LNP Elcrin iQ PBT resin is a drop-in solution for virgin PBT and other conventional PBT materials, making it easier for manufacturers to make their products more sustainable. Compared with virgin resin, it has a smaller “cradle-to-gate” environmental footprint, as measured by cumulative energy demand and global warming potential. By displacing the virgin raw materials used to manufacture PBT, LNP Elcrin iQ resin has been shown through a peer-reviewed life-cycle assessment to reduce the energy and carbon footprints of the material by up to 57 percent and 49 percent, respectively. The original peer-reviewed life-cycle assessment study was completed by SABIC in 2011. The results are being reviewed and updated based on current models, with expected completion and peer-review in 2019.
Reducing plastic waste
Jan. 16, a global alliance of 25 companies from across the plastics value chain launched a nonprofit organization, the Alliance to End Plastic Waste (AEPW). Its mission is to eliminate plastic waste in the environment, especially in the oceans.

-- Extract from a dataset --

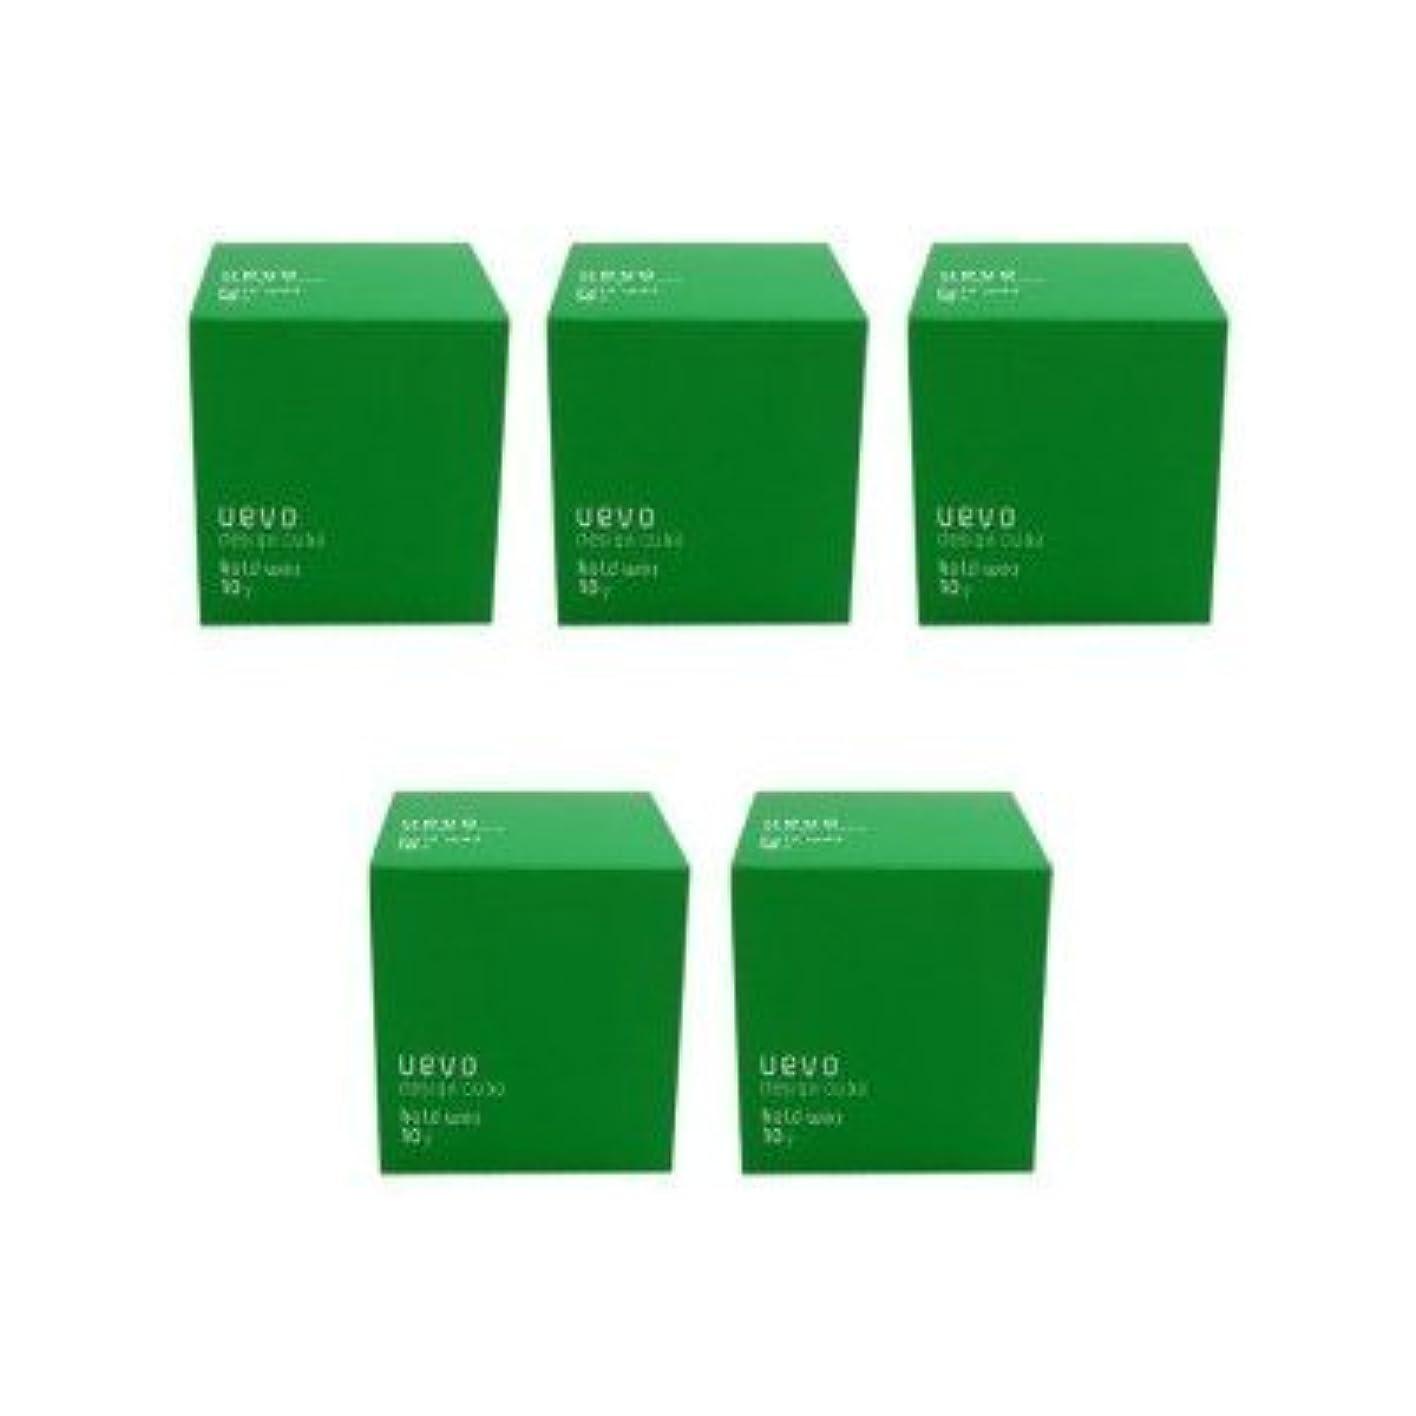 低下賃金イヤホン【X5個セット】 デミ ウェーボ デザインキューブ ホールドワックス 80g hold wax DEMI uevo design cube

One of the AEPW’s answers to this issue is innovation to advance and scale new technologies that minimize waste, make recovering and recycling plastics easier and create value from all postuse plastics. Increasing the value of rPET through upcycling supports this objective.
SABIC and the other founding members of the AEPW have pledged $1.5 billion over five years to fund efforts to enable a circular economy that encompasses reuse, remanufacturing, recycling/upcycling, redistribution and sharing of resources, with minimal leakage to landfills and the oceans.
Reducing plastic waste in the environment is a complex challenge that calls for multiple approaches, from incentivizing recycling to finding new ways to extend the life of single-use packaging materials. The process of upcycling reclaimed resins for use in higher performance applications instead of downcycling could help further these objectives.
As one of the most widely used and most easily recycled plastics, single-use PET is a potential target for upcycling efforts. SABIC’s new PBT portfolio is part of the plastic industry’s efforts to help strengthen the circular economy and help improve the health of our environment.